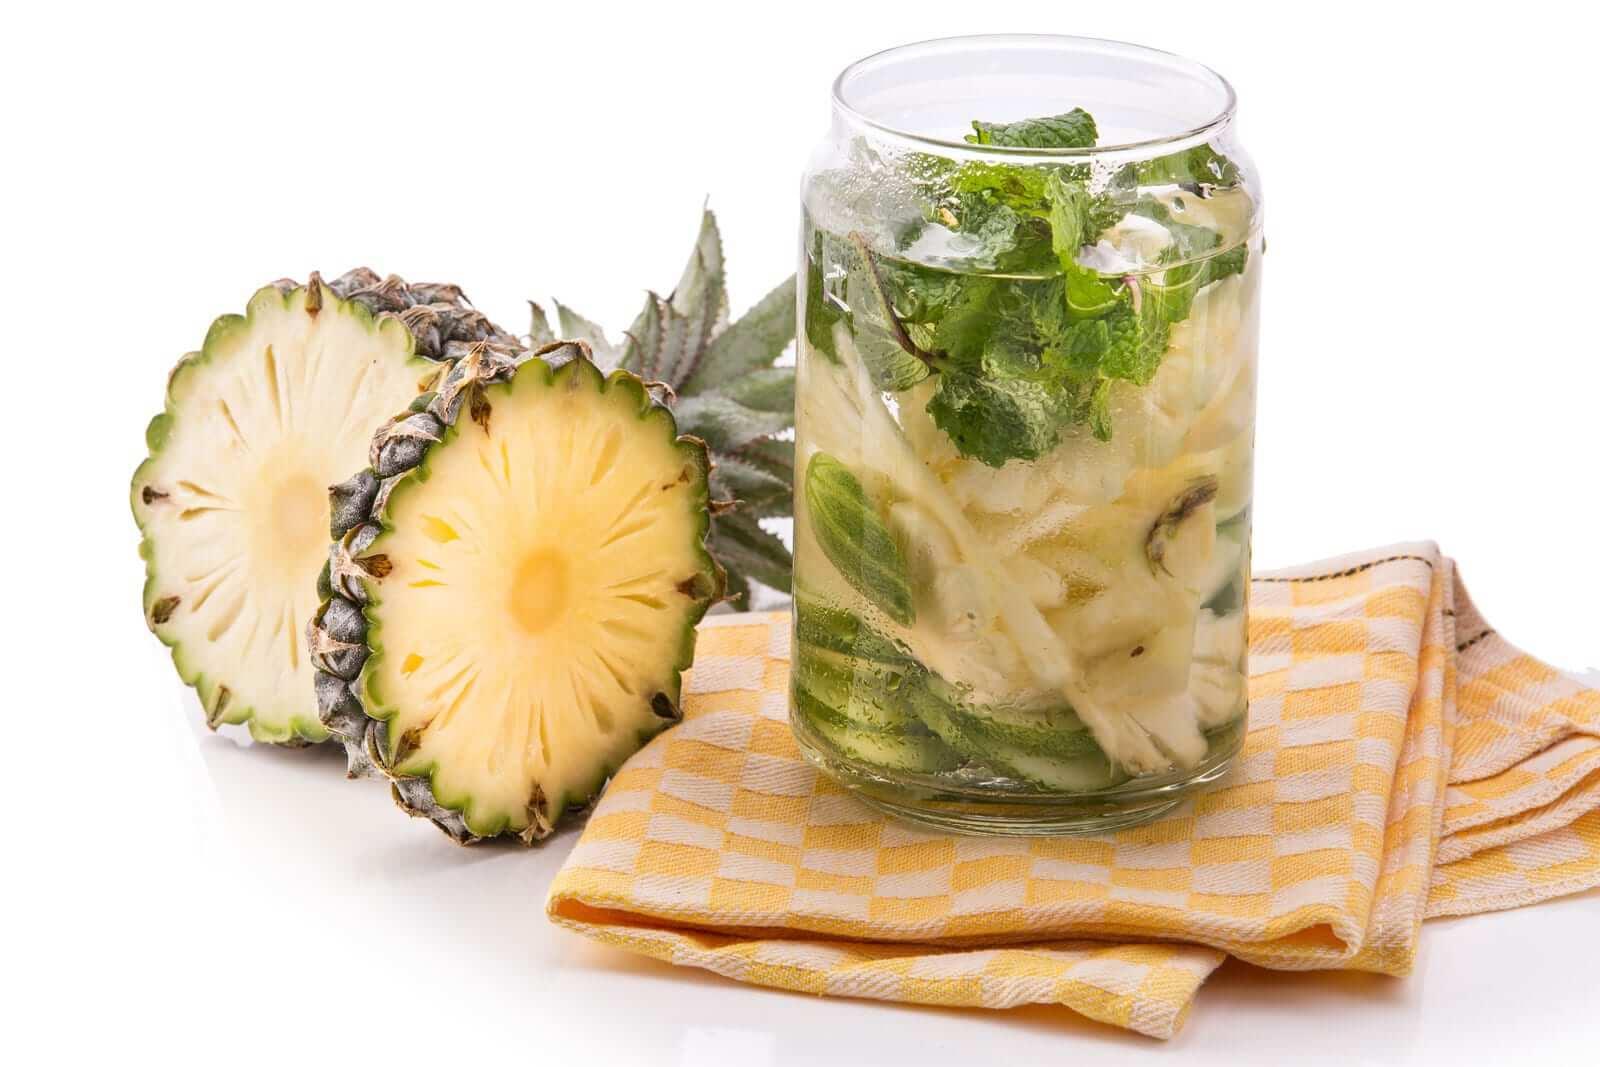 Ananas Basilikum detox wasser rezepte
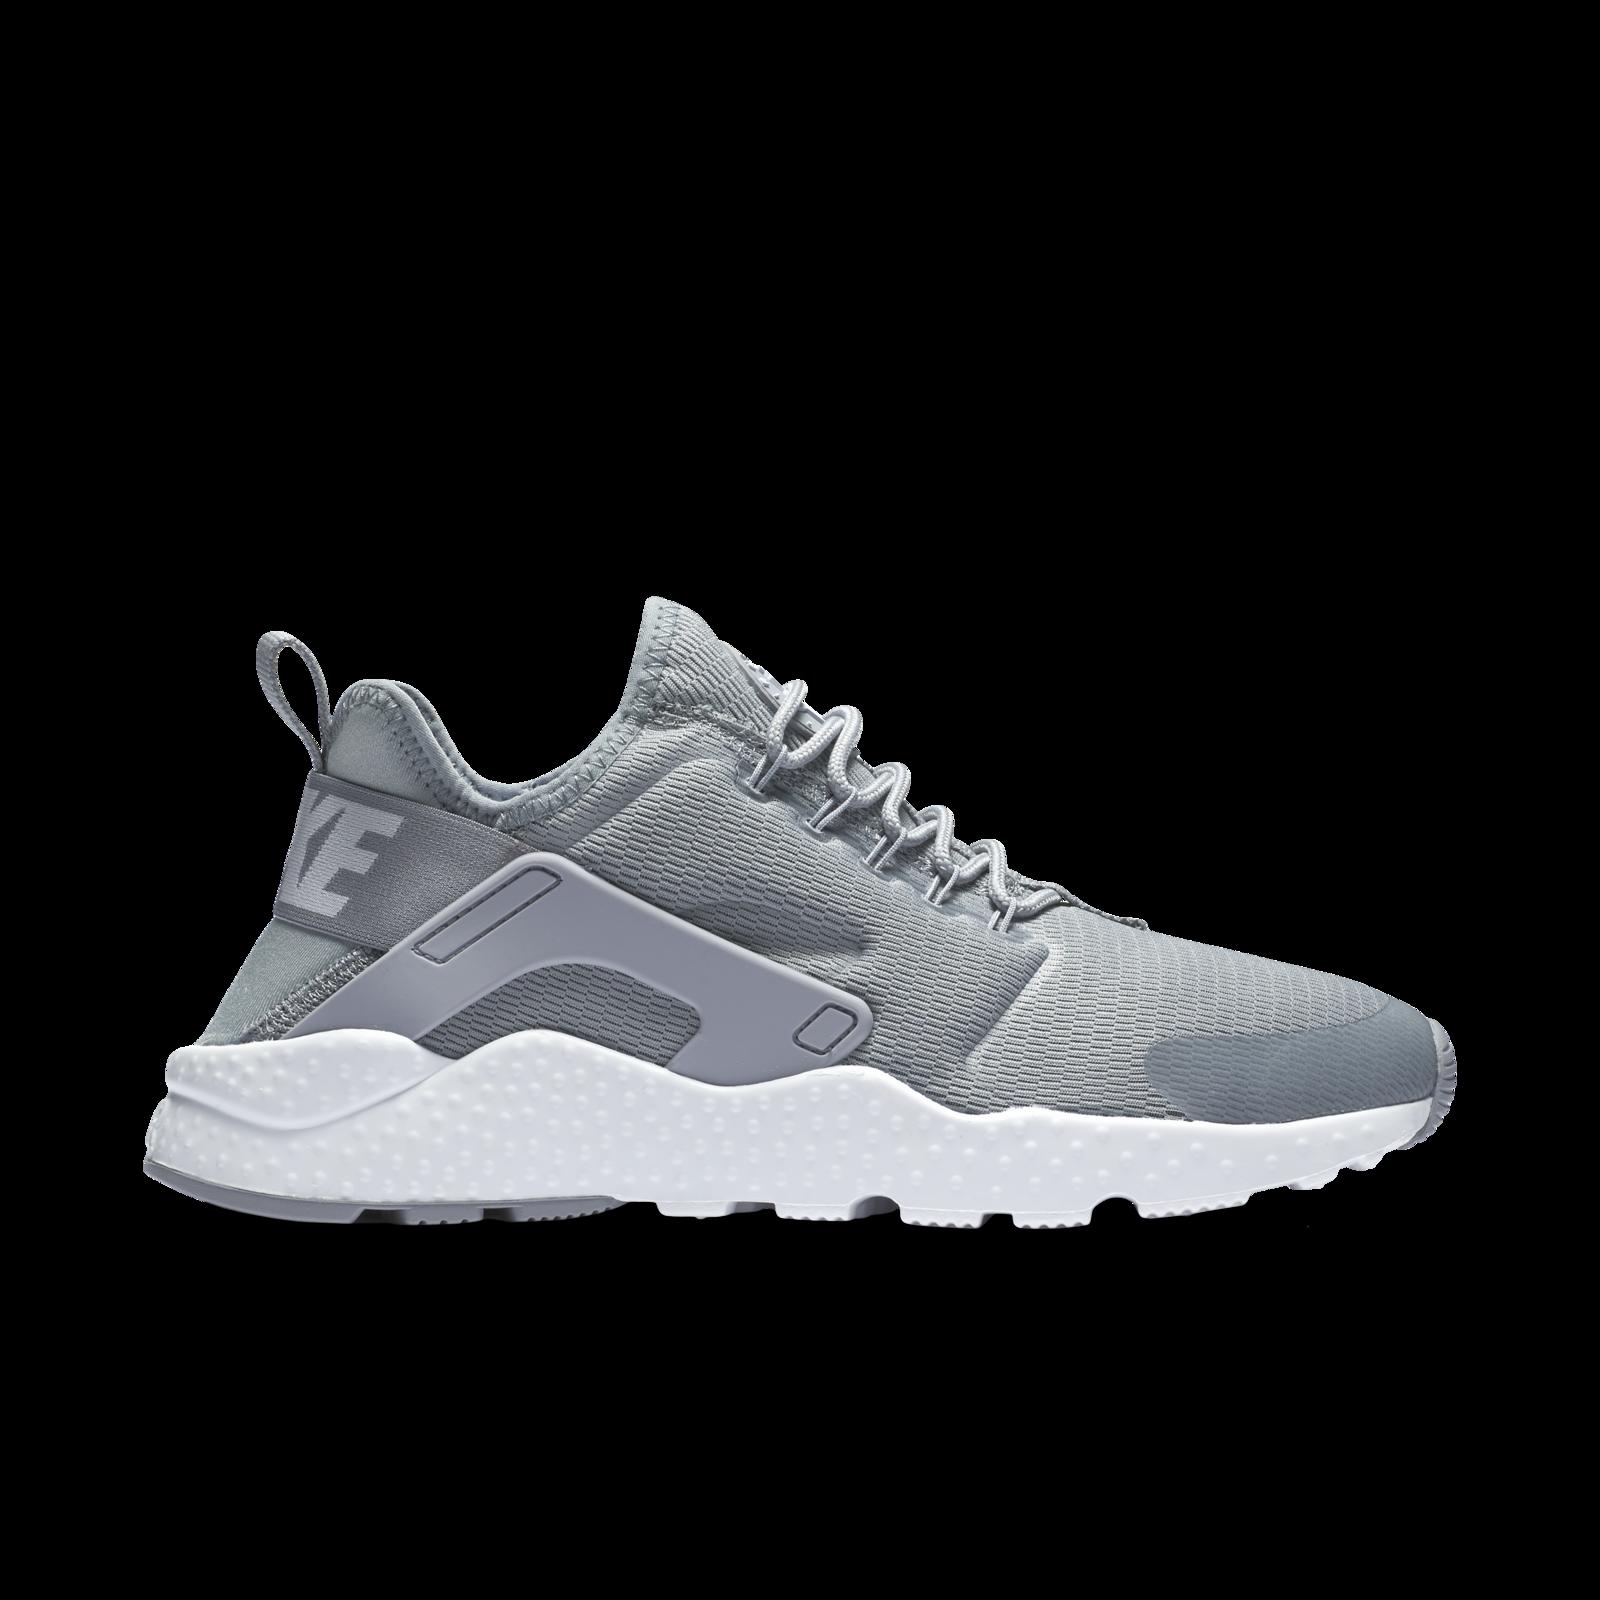 Nike Air Huarache Ultra Womens Shoes White
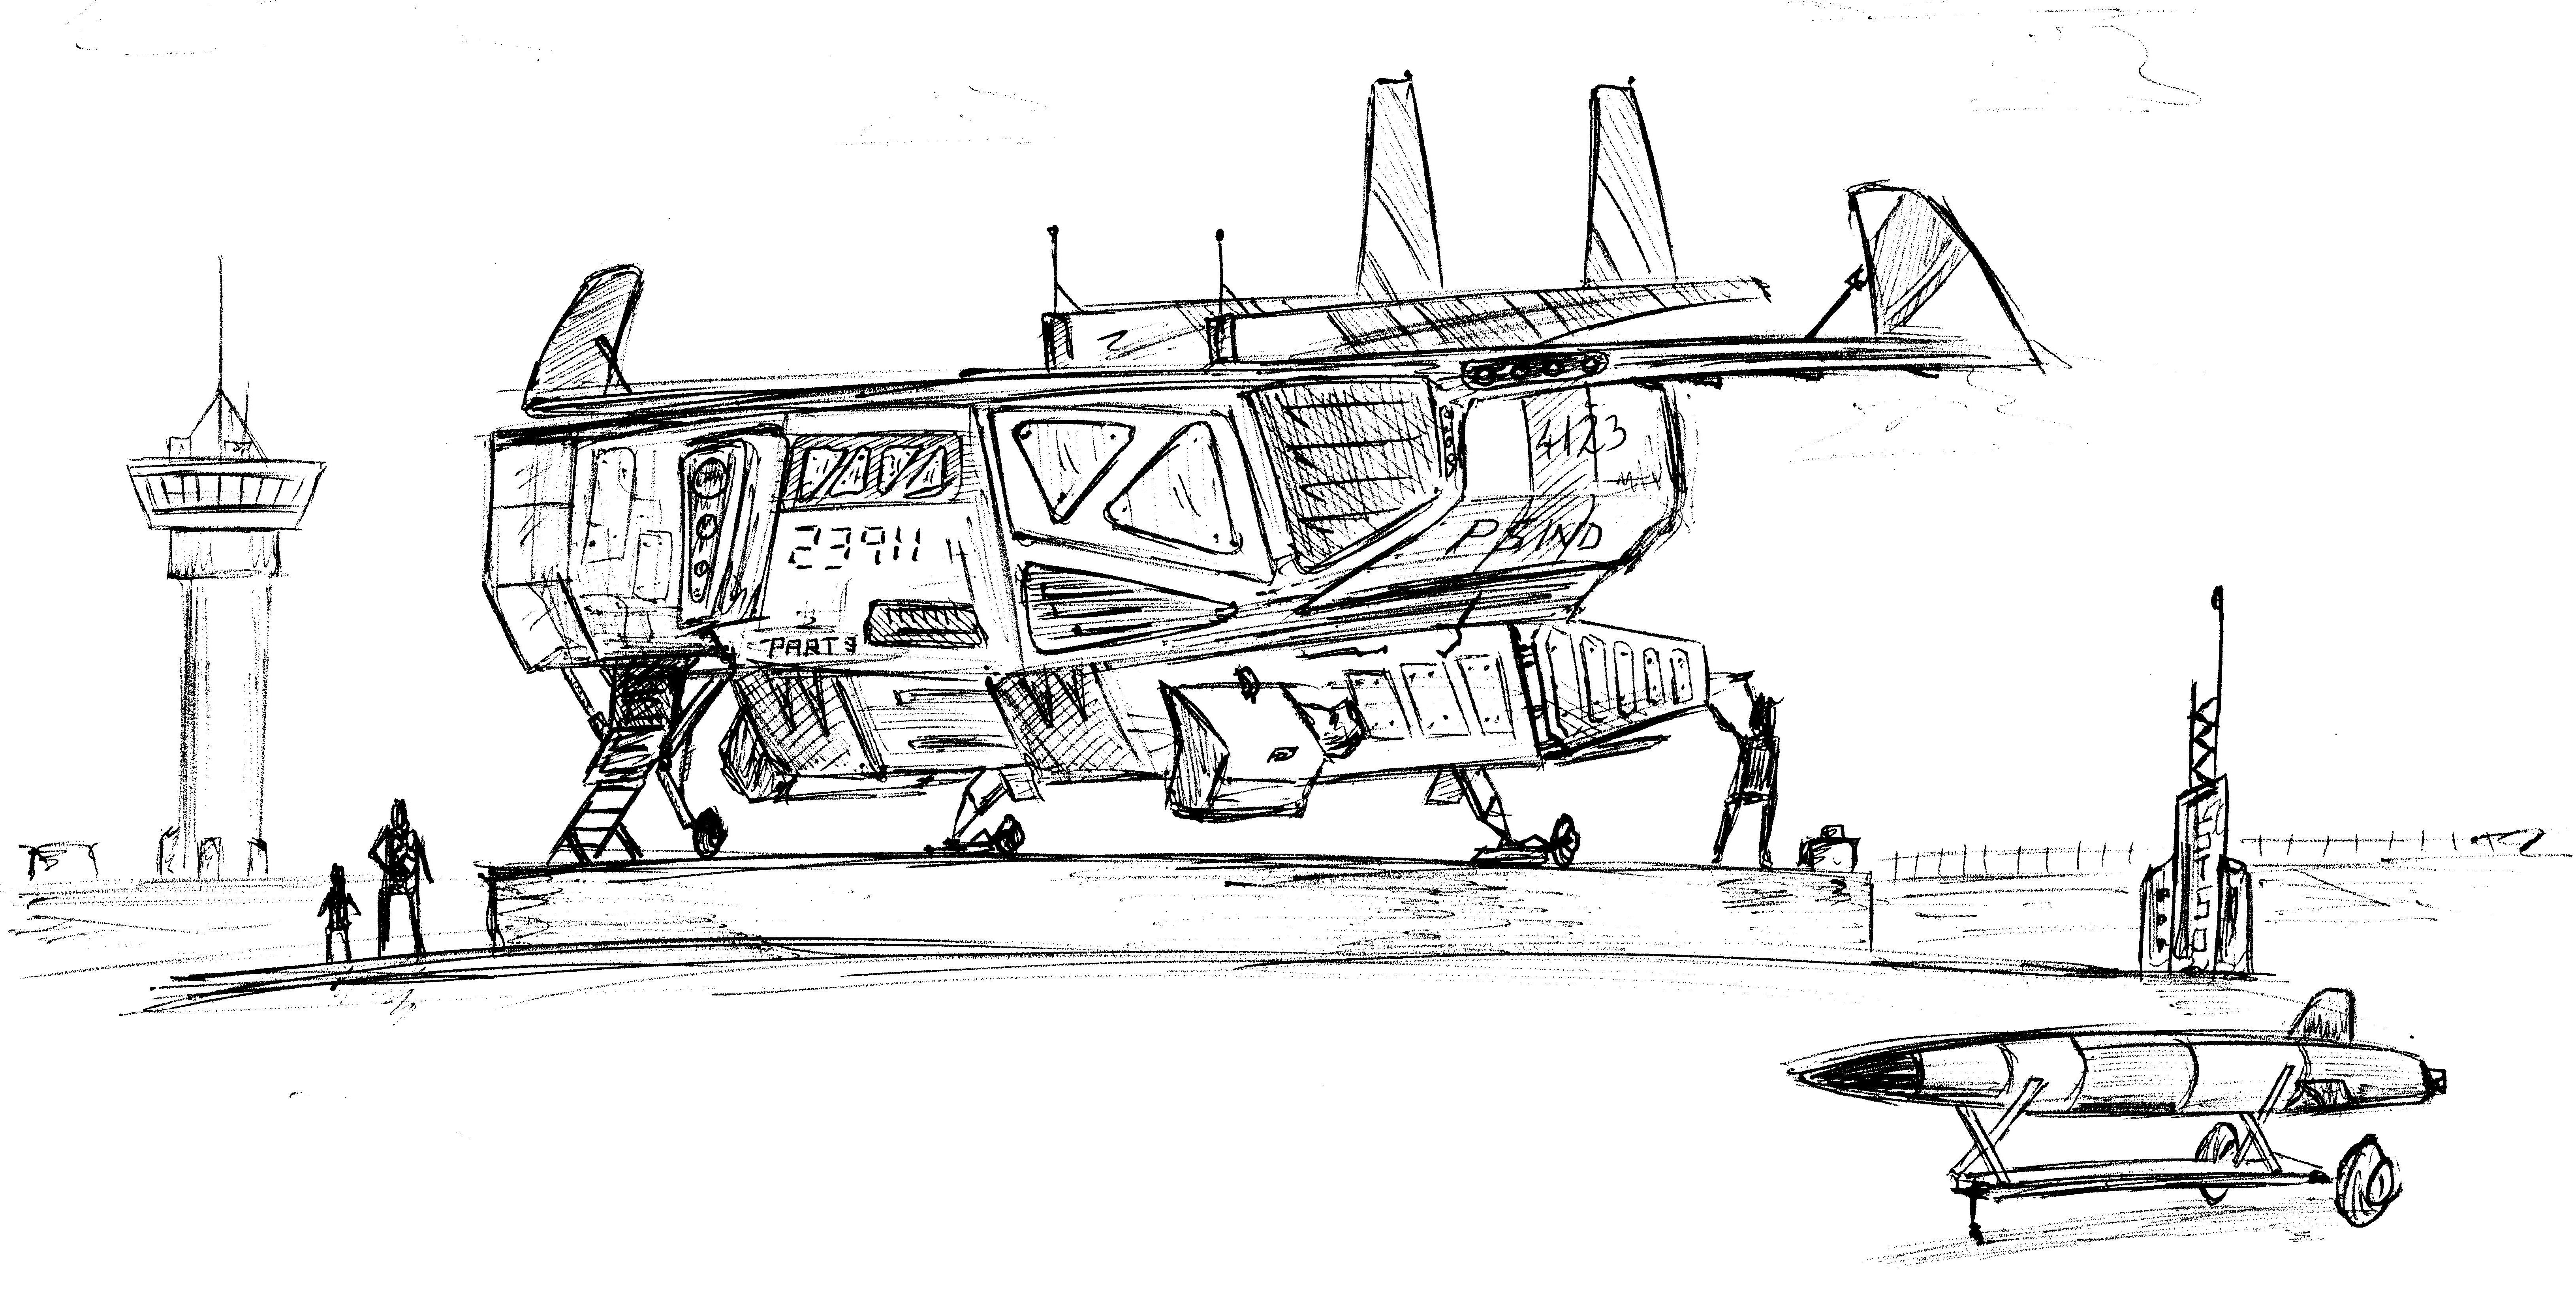 sci-fi Gunship Sketch

# TASK BRIEF:
Any picture in the data is to be skipped, while each line is returned exactly as written.

# EXERCISE RESULT:
 Ananas Basilikum detox wasser rezepte
 Nike Air Huarache Ultra Womens Shoes White
 sci-fi Gunship Sketch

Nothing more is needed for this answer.